Managing GenAI’s Hallucination Risk In Audit
KELVIN K.F. LAW
BY KELVIN K.F. LAW


Generative artificial intelligence (GenAI) is no longer waiting for an invitation to the audit room but has firmly taken root at the audit table. The conversation has shifted from whether to use this transformative technology to how to deploy it in a manner that is testable, defensible, and carefully aligned with professional standards. The challenge is not merely technological but a fundamental question of governance. For audit professionals, harnessing the power of AI while mitigating its inherent risks (chief among them, the phenomenon of “hallucination”) is the new frontier of professional responsibility.

What does an AI hallucination look like in an audit context? It manifests as an output that appears plausible and is often rich with specific details that are, in fact, non-existent. For instance, when an auditor prompts GenAI about a client’s debt covenants, the model may return a specific capital expenditure cap and cite a section number, neither of which exists in the actual loan agreement. Even the most advanced GenAI produces such fabrications with a non-zero frequency, particularly when tasked with complex, fact-based requests. This is a reality auditors cannot resolve with improved prompts alone.

To effectively manage this risk, we must first understand its origin. Hallucination is not a bug, but an intrinsic feature of how current large language models (LLMs) operate. At their core, these GenAI models are probabilistic engines designed to predict the next most likely word, optimising for grammatical form and coherence, not factual truth. They are masters of plausible language. A hallucination, or what might be more accurately termed a “confabulation”, occurs when the model fills gaps in its knowledge by generating statistically probable but factually incorrect content. It doesn’t “know” it is lying; it is simply completing a pattern. This is an inherent architectural trait that cannot be completely eliminated through better prompting alone.

THE RISK IS REAL, AND IT HAS LEGAL PRECEDENTS

The abstract nature of AI risk became starkly tangible in two recent incidents, elevating hallucination from a technical novelty to a critical governance issue. In the 2024 case of Moffatt versus Air Canada, a tribunal held the airline accountable for misinformation provided by its customer service chatbot, and awarded damages to the affected passenger. The tribunal’s reasoning is clear – the chatbot is an extension of the company’s website, and therefore, the company is liable for its statements. This principle extends deep into professional services. In Mata versus Avianca (2023), a US federal court sanctioned lawyers US$5,000 for submitting fabricated case citations generated by an AI tool. This was not an isolated event. This year, attorneys from the prominent firm Morgan & Morgan were similarly sanctioned for AI-driven mis-citations. These cases send an unambiguous signal – that professionals remain unequivocally accountable for the outputs of the AI tools they leverage.

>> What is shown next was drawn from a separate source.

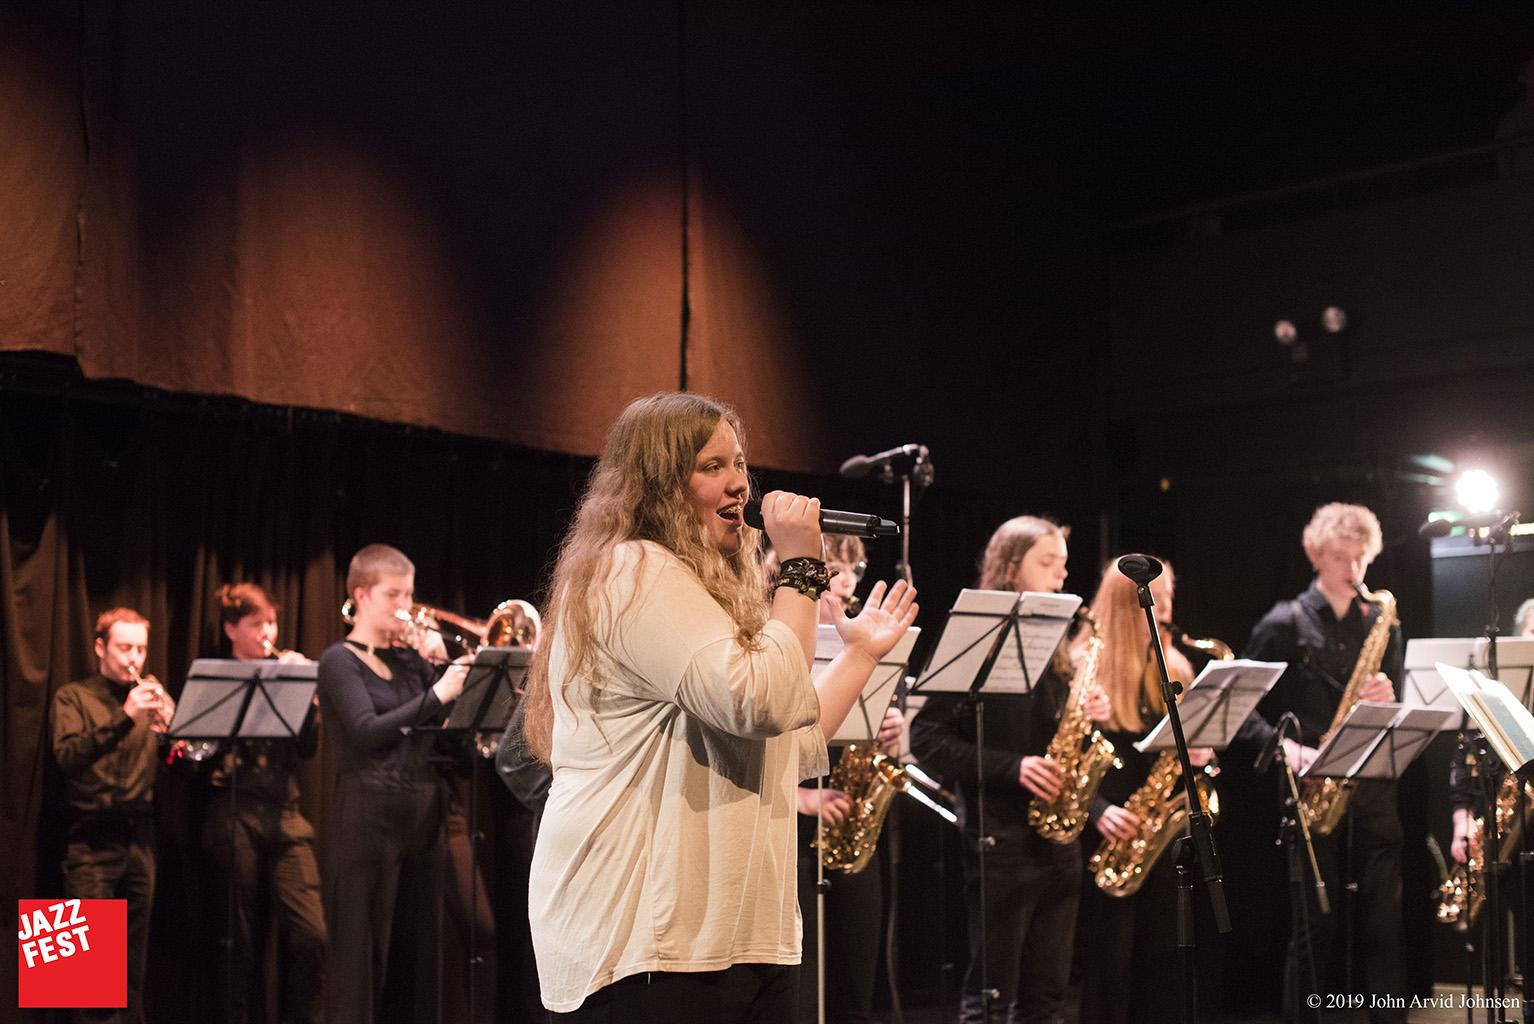 190511 Jazzfest Ung @ Isak Kultursenter (foto John Arvid Johnsen) _ 12.jpg

This wave of adoption is palpable in Singapore, as we are at the forefront of technological integration. A 2024 EY survey revealed a dramatic surge in workplace GenAI use in Singapore, jumping from just 24% in 2023 to 79%. Further highlighting this trend, Microsoft’s 2024 Work Trend Index for Singapore reported that an astonishing 88% of knowledge workers are already using GenAI, and saving an average of 30 minutes per day. Although this rapid adoption heralds a new era of efficiency, it simultaneously amplifies a core audit risk – the propensity of AI to deliver answers that are confident, precise, and entirely wrong.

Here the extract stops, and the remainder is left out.